Alastair Meeks wonders whether the Royal Prerogative would really suffice
“Who? Whom?” Lenin asked. These are questions that confront the government and Parliament when determining who decides to pull the trigger to leave the EU: who is going to take control and who is going to be dictated to? We are set for a constitutional power struggle to be fought in the courtroom and the next chapter unfolds next month.
John Grisham would doubtless not start such a story with some Euro-English but truth this time is duller than fiction, so we must. Article 50 of the EU Treaty begins:
“1. Any Member State may decide to withdraw from the Union in accordance with its own constitutional requirements.
2, A Member State which decides to withdraw shall notify the European Council of its intention…”
The rest of the article then deals with the mechanics of withdrawal. For today at least we can leave those be and concentrate on how the trigger is pulled. The trigger is a decision by the member state to withdraw “in accordance with its own constitutional requirements”, following which there is an obligation on the member state to notify the Council of that intention. So everything hinges on what the constitutional requirements are.
In many member states the constitutional requirements will be set down in a single written code. Britain, of course, has no single constitutional document – its constitution is a patchwork of case law, statute and Parliamentary procedures that were responses to specific problems of the day. So how does it work here?
The government professes to have no doubt. It apparently sees the power to enter into or withdraw from treaties as an executive power that forms part of the royal prerogative. As such, it is – in its view – open to the government to do the deed at any time.
For the little that it is worth, I am sceptical. In constitutional theory, “The prerogative is the name for the remaining portion of the Crown’s original authority, and is therefore . . . the name for the residue of discretionary power left at any moment in the hands of the Crown, whether such power be in fact exercised by the King [or Queen] him[her]self or by his [her] Ministers.”
The royal prerogative has been whittled away further and further in recent years. Treaties must be laid before Parliament for 21 days before being ratified. The power to dissolve Parliament has been lost. All recent mooted military adventures have been debated in Parliament in advance, and Parliament has been in practice given the right of veto, as the vote on Syria showed.
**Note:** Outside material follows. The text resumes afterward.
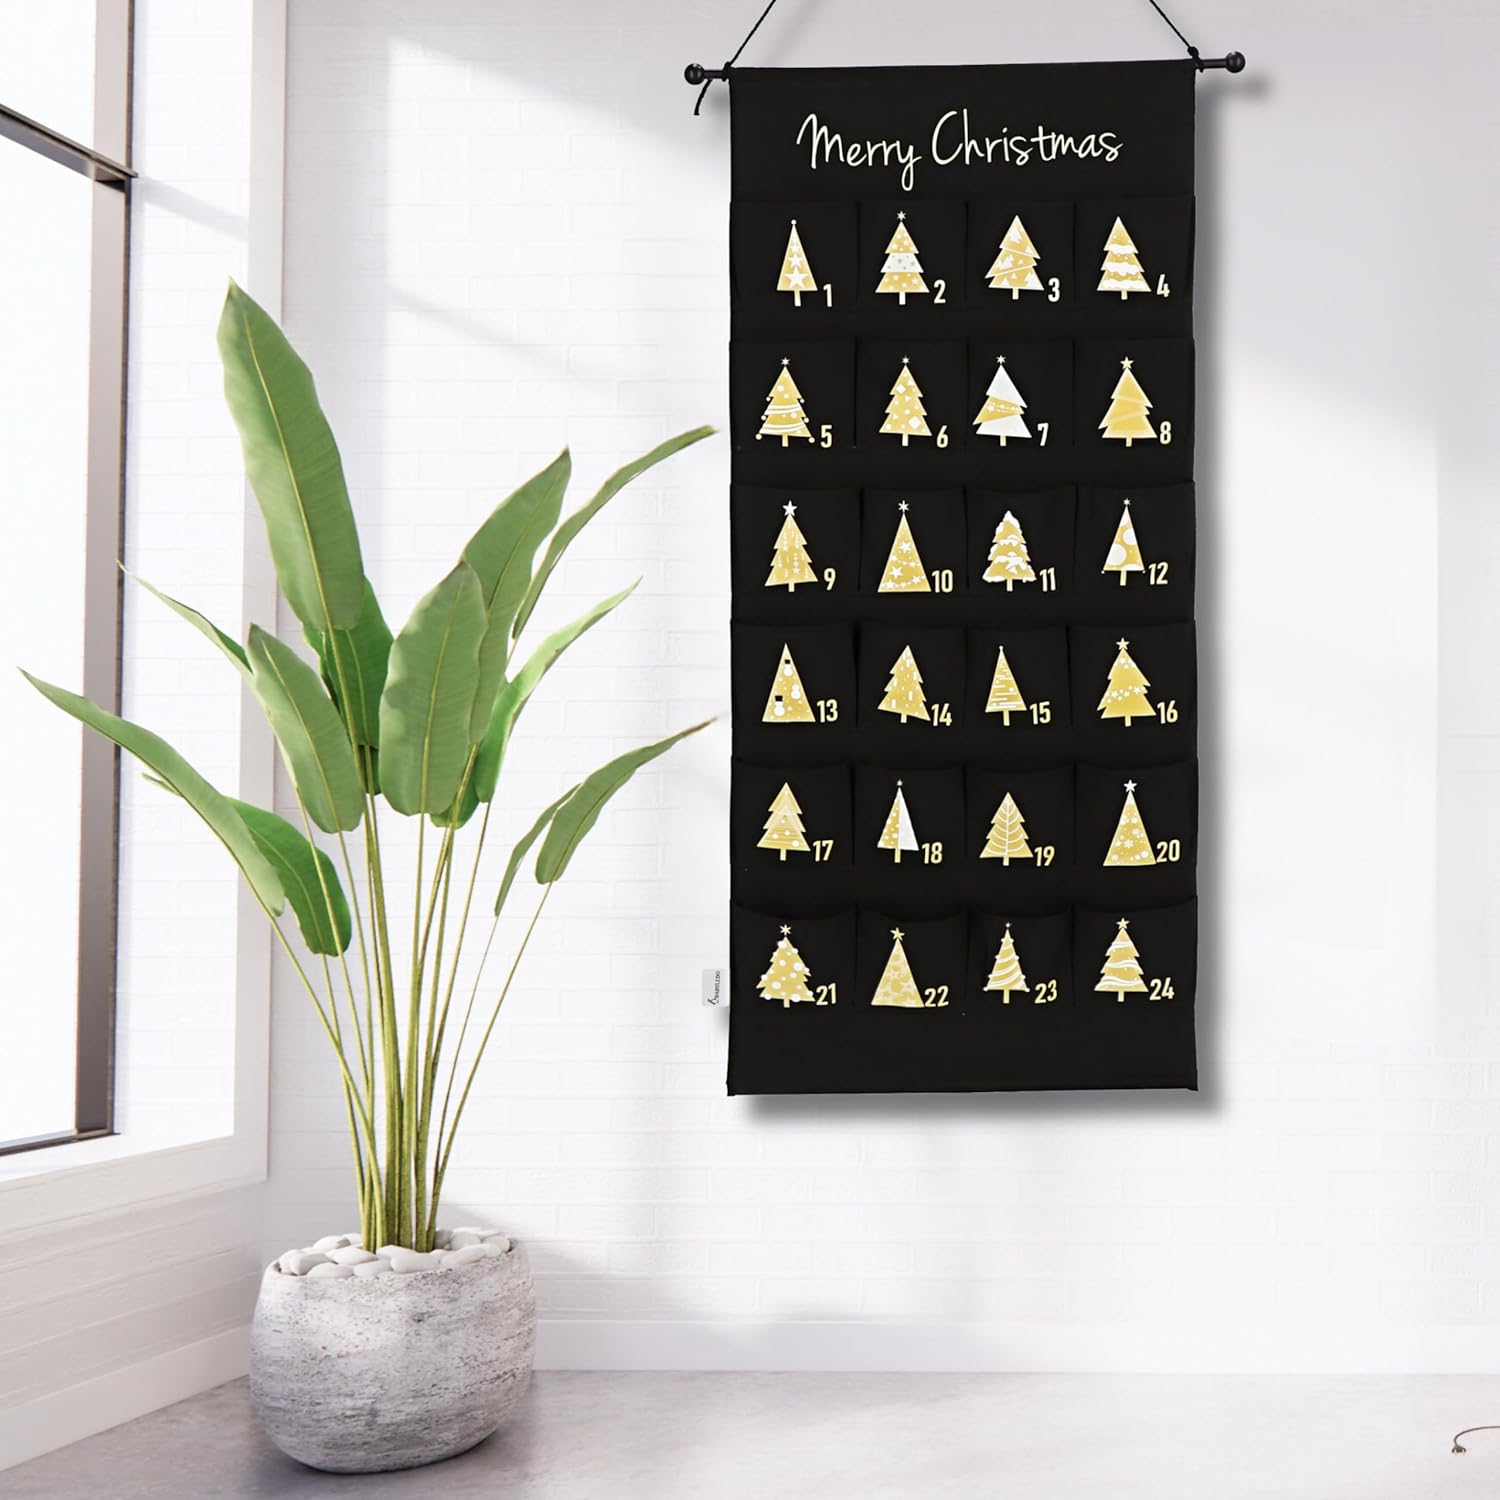 Advent Calendar for Filling, High-Quality Linen Fabric, 24 Compartments, for Hanging, with Wooden Bar, 108 x 51 cm [Black, Gold] (Black)
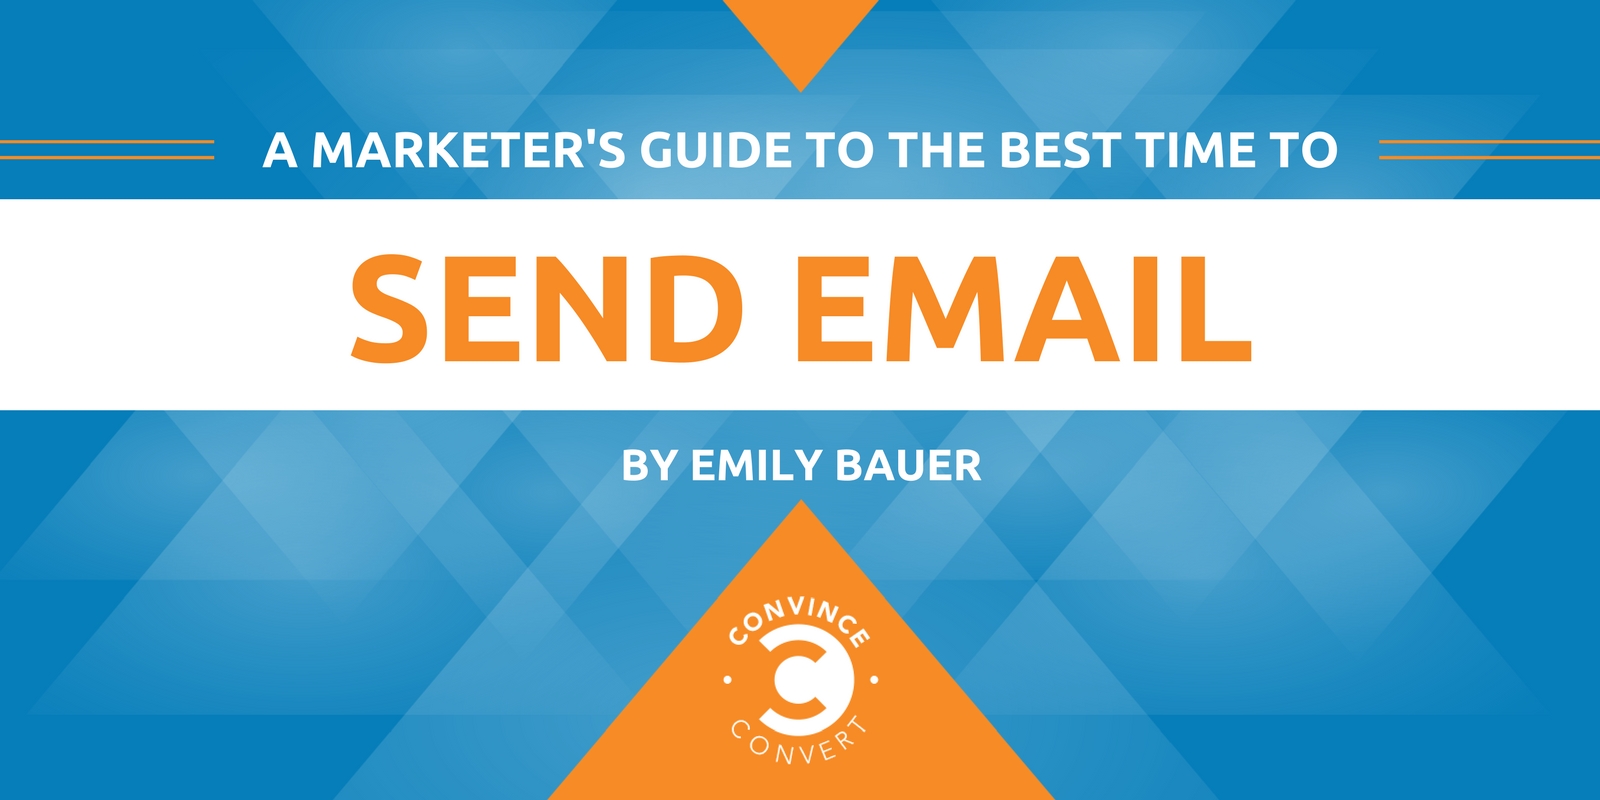 A Marketer's Guide to the Best Time to Send Email

And membership of the EU is unlike any other treaty. The EU’s reach into everyday life in the UK is direct and very substantial indeed – Leavers and Remainers alike agree on that at least. From setting employment rights to environmental protections, agricultural policies to regulating competition, the EU has a direct and deep impact on the way in which Britain works (Leavers and Remainers will differ as to whether that impact is essentially benign). If the government is able to swing the wrecking ball through that without needing Parliamentary sanction, it suggests a lack of control of the executive unparalleled in the developed world.
What of the referendum? Well, not much. It was in legal terms an advisory referendum and the government – formally at least – is free to ignore it. Indeed, it is easy to construct an alternative history where the referendum went the other way but David Cameron was ousted in favour of a Brexiteering Prime Minister. Would Prime Minister Leadsom really have been legally entitled to disregard popular opinion and, without seeking the sanction of Parliament, take Britain out of the EU anyway? Logically the scope of the royal prerogative cannot be determined by the result of a non-binding referendum. Either Parliament has a say in this or it doesn’t.
So I regard it as quite likely that the courts will eventually decide that the royal prerogative in 2016 is not broad enough to allow the government to exit the EU without first getting Parliament’s approval. Either way, it will be a landmark judgement.
That would be awkward all round. The government would need to persuade a Parliament dominated by Remainers that the time was right. And the Parliamentary Remainers would need to decide whether to fold in the face of Leavers’ mandate and if so when. Rather than outright defiance, Remainer MPs and peers are likely to use delaying tactics if given the chance, arguing that the time is not yet ripe, that further avenues need to be explored, that particular interest groups still need to be consulted.
The Romans had a good word for such people: cunctators. If Parliament does indeed have the final say over the triggering of Article 50, I expect we will hear Leavers talking a lot more about cunctators in the coming months. Perhaps Leavers really have yet to take control.